Казалось, Хрущёв и сам радуется изобилию анекдотов о нем. Он любил это слово — изобилие.
Коммунизм был его светлой и простодушной мечтой, представляясь в виде большого универсального магазина в Нью-Йорке, — только расплачиваться по выходе не надо.
Хрущёв считал, что у нас все не хуже, чем в США, — и быки, и самолёты, а метро даже лучше, да и балет тоже. Балет он любил смотреть из первого ряда партера, откуда все хорошо видно, — не то что Сталин, сычом глядевший из правительственной ложи в морской бинокль.
...Диск победы. В ранце каждого американского солдата лежала эта пластинка, выпущенная в 1944 году, с записью буги-вуги. Джаз, наиболее свободолюбивая музыка, являет собой яркое противостояние авторитарному сознанию. Они отстаивали демократию. К тому же это искусство негров, а янки воевали против геноцида.
Хрущёв говорил: пусть наши быки с вашими померяются.
Звёздные мальчики мечтали со звёздным билетом улететь к далёким звёздам. А колхозники — на фанерном аэроплане — к едене матери.
Мне приснилось, что воскрес мой отец. Он шёл по Тамбову, по Интернациональной улице, довольно молодой, ироничный, в соломенной шляпе, в костюме и рубашке без галстука, с отросшей чёрной щетиной, и как бы говорил мне:
— Ну, где твой Бог? Я Его так и не видал...
А воскрес он так. Женщина, старая коммунистка, подошла к его гробу и довольно грубо сказала:
— Пётр, черт, вставай!
И он встал.
Политики всегда были смехотворными. У нас в доме, в Котовске, жил столяр, которого звали Чемберленом — непонятно, за что.
Степанова, жившего в Тамбове в большом жёлтом доме на углу Пролетарской и Интернациональной, называли Шопеном, хотя играл он не на фортепиано, а на скрипке.
Если быть искренним и бесстрашным, тогда получится хороший автопортрет.
Контролёрша легко и уверенно, словно тачку катила перед собой, вела через вагоны "зайца".
— Смотрю, она книжку читает, — повествовал в соседнем ряду бойкий среднерусский говорок. — Глянул — книжка интересная, про любовь: она любовь ищет...
Напротив шёл диалог в стиле Проппа:
— "Накинула дочка сеть... "
— Платье женщины — всегда сеть.
Рядом кто-то оглушительно храпел.
На сумку был наклеен портрет Аллы Пугачёвой и ещё какой-то бабы с гладкой причёской, и мне это было смешно, потому что с Алкой Пугачёвой я играл в одном оркестре, в самодеятельности факультета журналистики, и никак не думал, что она станет великой певицей. Она пела на репетиции вместе с красавцем Любомиром Коларовым импровизированный джазовый вокализ, в паузах повизгивая:
— Ах, как это сексуально!
Оркестром руководил Жора Газарян, женившийся на дочери вождя финских коммунистов. Джинсы с отворотами, в которых он, заспанный и небритый, выходил в холл, были непонятны мне, тамбовскому провинциалу, и казались чем-то неприличным. Жора только что вернулся с юбилея Еревана — гигантской, как тогда говорили, всеармянской пьянки — и всем повторял:
— На десять лет старше Рима!
В джинсах было что-то невероятно, неприкрыто, безнравственно мужское — в этой строчке и молнии, заплатках, оттопыренных карманах...

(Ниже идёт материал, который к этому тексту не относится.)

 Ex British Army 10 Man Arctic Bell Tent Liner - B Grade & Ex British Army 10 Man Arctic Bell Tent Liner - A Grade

Другая Алла, потрясавшая воображение мощной грудью, стала выдающейся поэтессой. Помню, как она, треща пуговицами лифчика и поводя воловьими глазами, жарила картошку и варила кофе в два часа ночи (кухни тогда ещё не запирали) на пятнадцатом этаже высотного здании МГУ, в то время как её подруга — Нина? Лена? — забыл, как её звали, — с риском для потомства сидя на каменном подоконнике, курила и играла на гитаре. Глаза её были подведены всегда, даже, возможно, раз и навсегда — так это было, крепко сделано.

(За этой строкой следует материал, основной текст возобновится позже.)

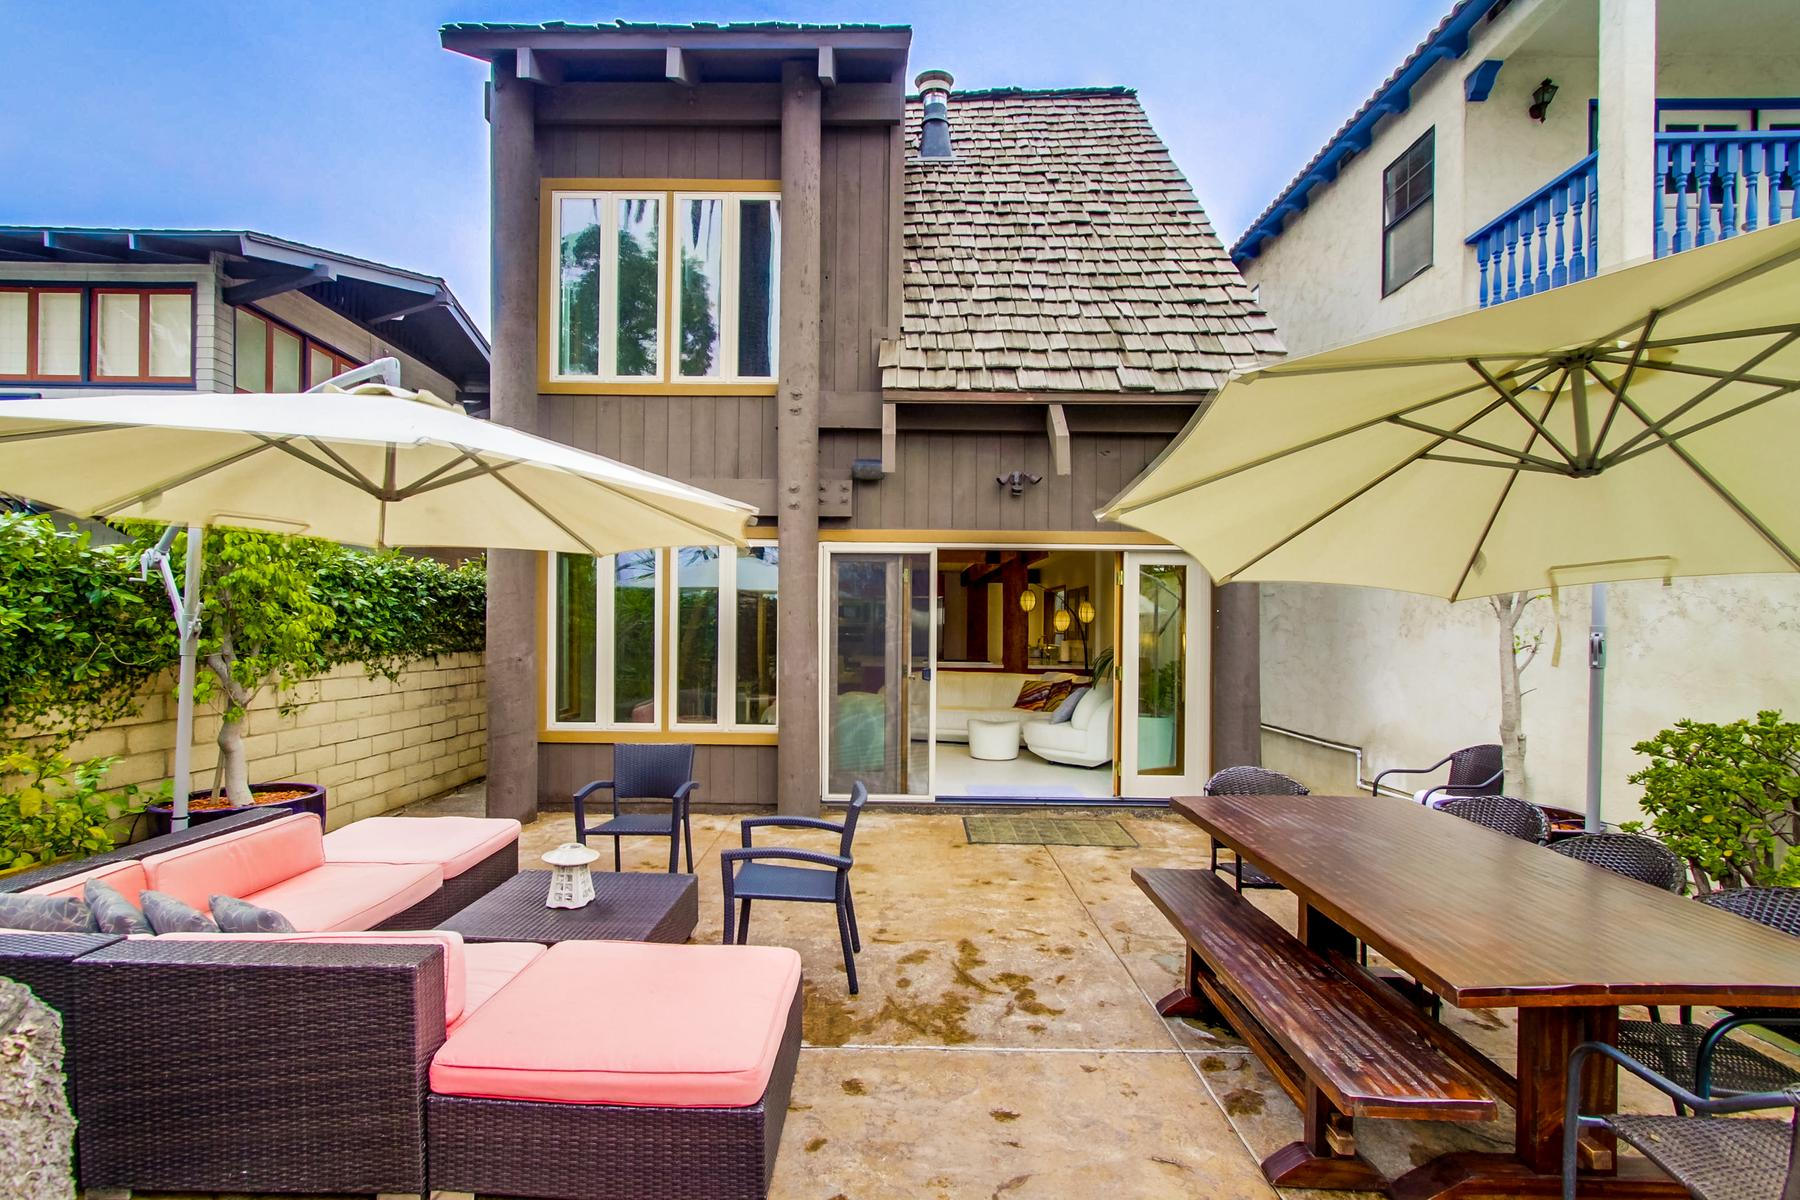 Single Family Home for Sale at 315 Alameda Boulevard Coronado, California 92118 United States

Ещё у нас была Лина, феноменально некрасивая и компенсировавшая это мощным умом и деятельной страстью к творческой жизни.
— Заявление в партию надо писать синими чернилами, — сказал Вадим Дундадзе. — Это партийный цвет.
5 декабря 1966 года — через год после нашумевшего митинга диссидентов — на Пушкинской площади собрались пять тысяч стукачей и целый день проверяли друг у друга документы.
— Как колчушкой ни тряси, последние капли — в штаны, — говаривал Славик Брусилов, и это была сущая правда (хотя и прискорбная, конечно).
Ещё они с его другом Толиком Бормотовым выясняли вопрос, почему член всегда свисает в левую штанину. По теории Толи Бормотова, предки человека ходили без штанов, и, когда они гнались за мамонтом, то в правой руке сжимали дротик, потрясая им (откуда и произошла фамилия Шекспира — Потрясатель Копья), и чтобы член, болтаясь, не путался под ногами, его держали при этом в левой руке. Позднее ориентированность члена влево стала наследственной.
Гера Шуцман любил материться в сортире, когда Миша Смоляник оставался с бабой наедине в своей комнате. Герин голос гулко бился об унитаз, придавая любви студентов особую пикантность.
Когда Миша наутро укорял его, Гера всякий раз делал большие глаза и говорил:
— Откуда я знал, старик? Надо было предупреждать. Ты в следующий раз повесь на дверь записку: "Я с бабой"— и все.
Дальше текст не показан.